Portanto, foi especialmente notável ouvir Hamad mais crítico do que conciliatório em seus comentários sobre os EUA e Trump.
Hamad acusou o presidente dos EUA de dar “The Green Light” para a tentativa de Israel de assassiná -lo (que os EUA nega) e nos acusou negociadores de “perder sua credibilidade” ao recuperar propostas anteriores.
“Eles não podiam provar que são um mediador honesto e neutro”, disse Hamad.
Ainda assim, ele disse que acredita que o caminho para acabar com a guerra percorre Trump.
Trump, disse ele, deve “impor sua posição a Israel para parar a guerra”.

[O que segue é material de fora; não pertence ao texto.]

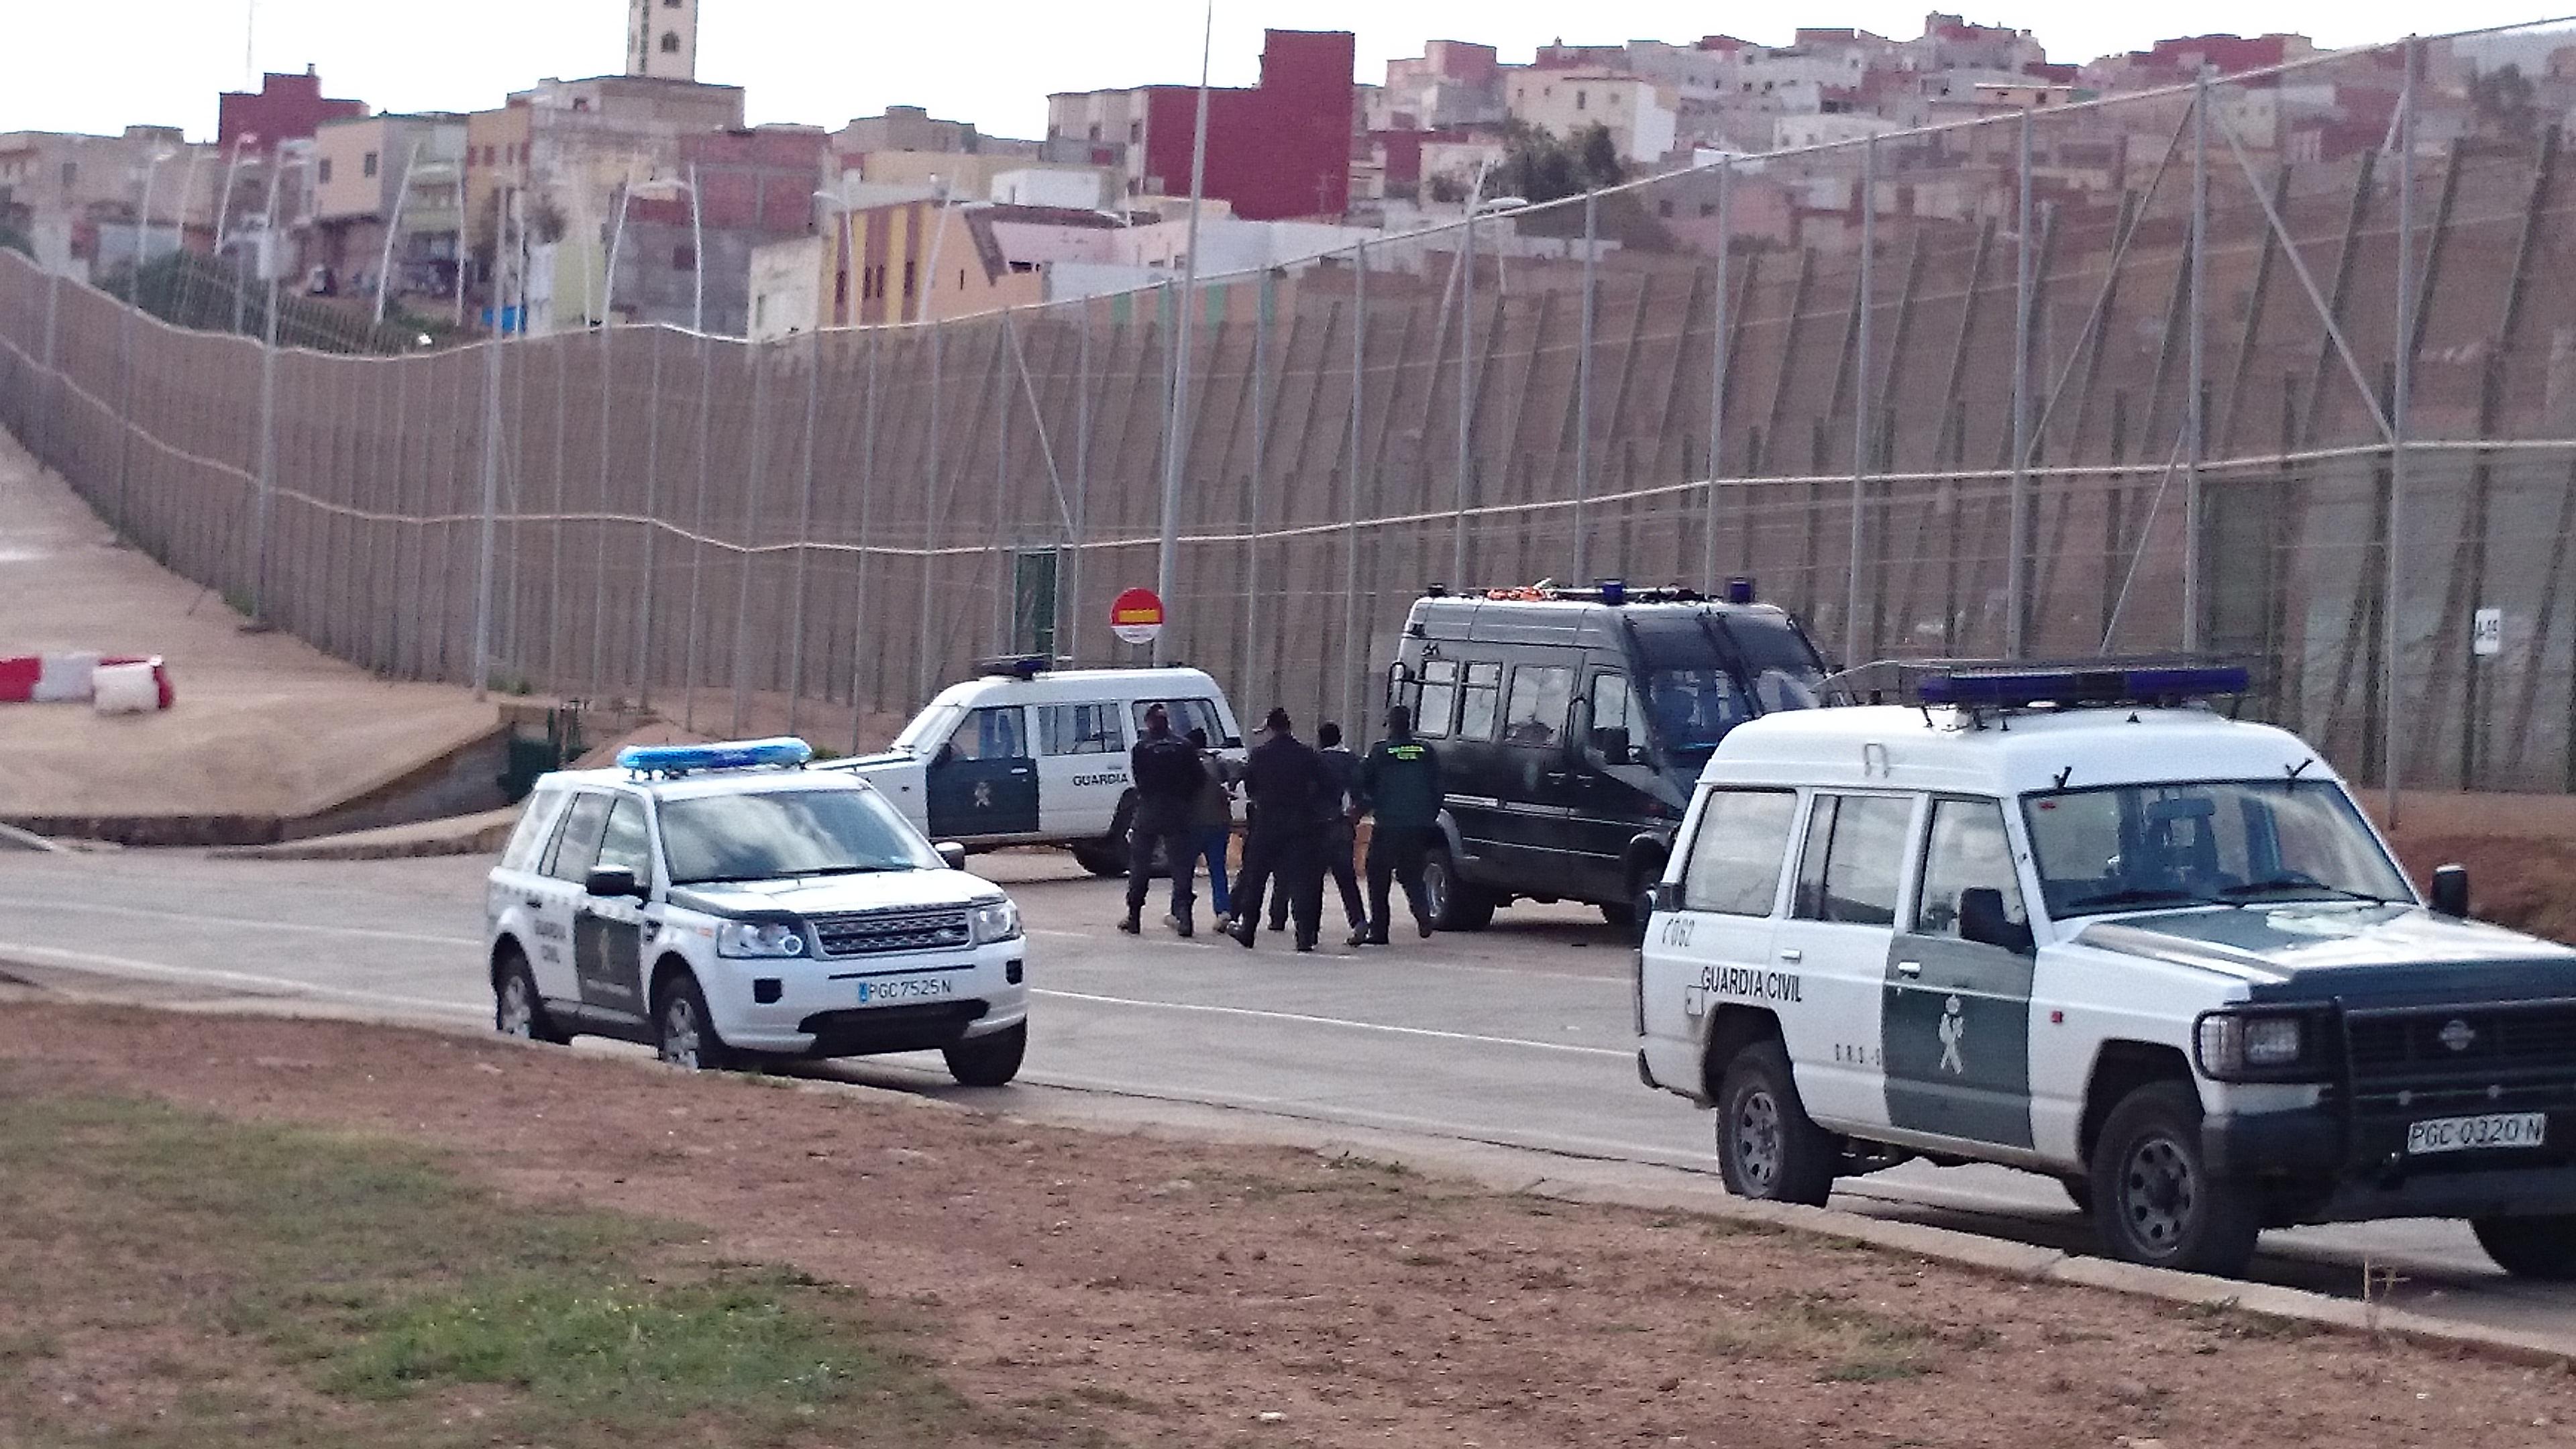 Melilla, Dezember 2014: Die Guardia Civil führt D.D. in Handschellen ab © Foto: ECCHR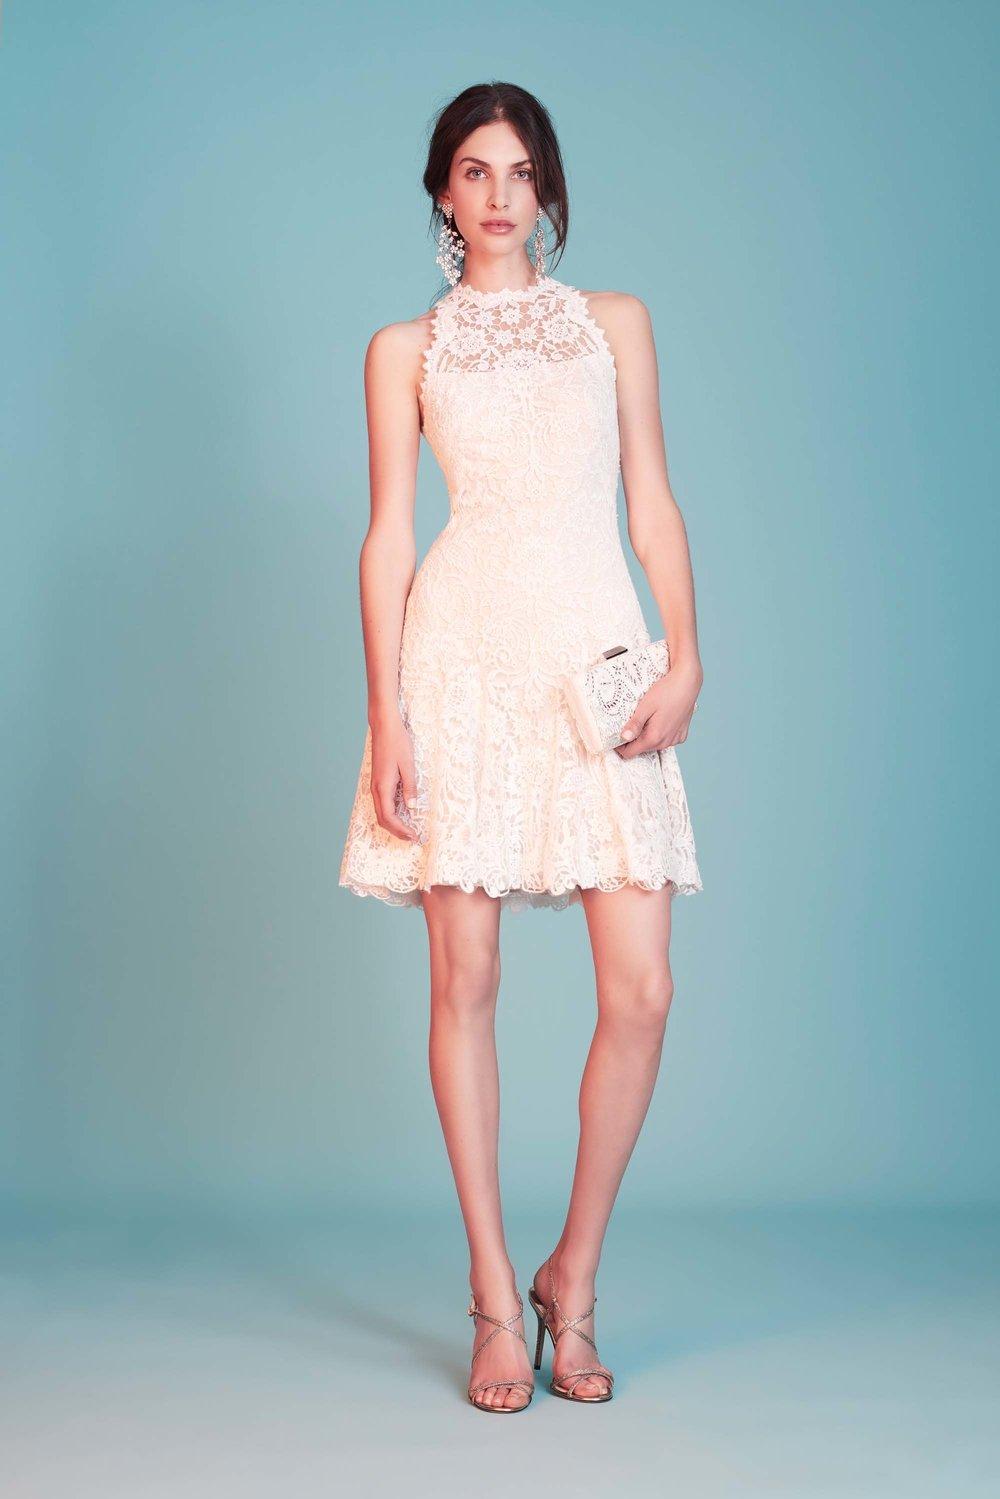 1172185fdeba Kort framtill, knälångt, minikjol - längden på klänningen bjuder den här  säsongen in till att visa upp benen. Extra snyggt är det om man har långa  ärmar så ...

“Mas acho que não é fácil confiar no Sr. Trump ou confiar no governo americano o tempo todo”, disse Hamad. “Eles vestem os óculos de Israel. Eles adotam a posição israelense.”
Duas semanas depois que ele e outros líderes do Hamas foram alvo de Doha, os líderes do Hamas ficaram com uma conclusão clara: em nenhum lugar é seguro para eles.
Qualquer senso de segurança que existia na capital do Catar – um refúgio de longa data para as autoridades do Hamas, com o acordo tácito dos EUA e Israel – agora foi destruído. O mesmo acontece com a confiança entre Israel e Catar, um canal crítico para a diplomacia de backchannel.
“Não, ninguém pode estar seguro”, disse Hamad quando perguntado se ele se sente seguro em Doha. “(Israel) é um estado louco. Eles poderiam fazer o que você espera.”
Essa preocupação com a segurança ficou clara quando a CNN chegou para a entrevista com Hamad em Doha. Seus detalhes de segurança realizaram uma varredura completa: nenhum telefone foi permitido na sala; Até as canetas foram coletadas para inspeção de última hora antes do início da entrevista.
Nadeen Ebrahim contribuiu com relatórios adicionais.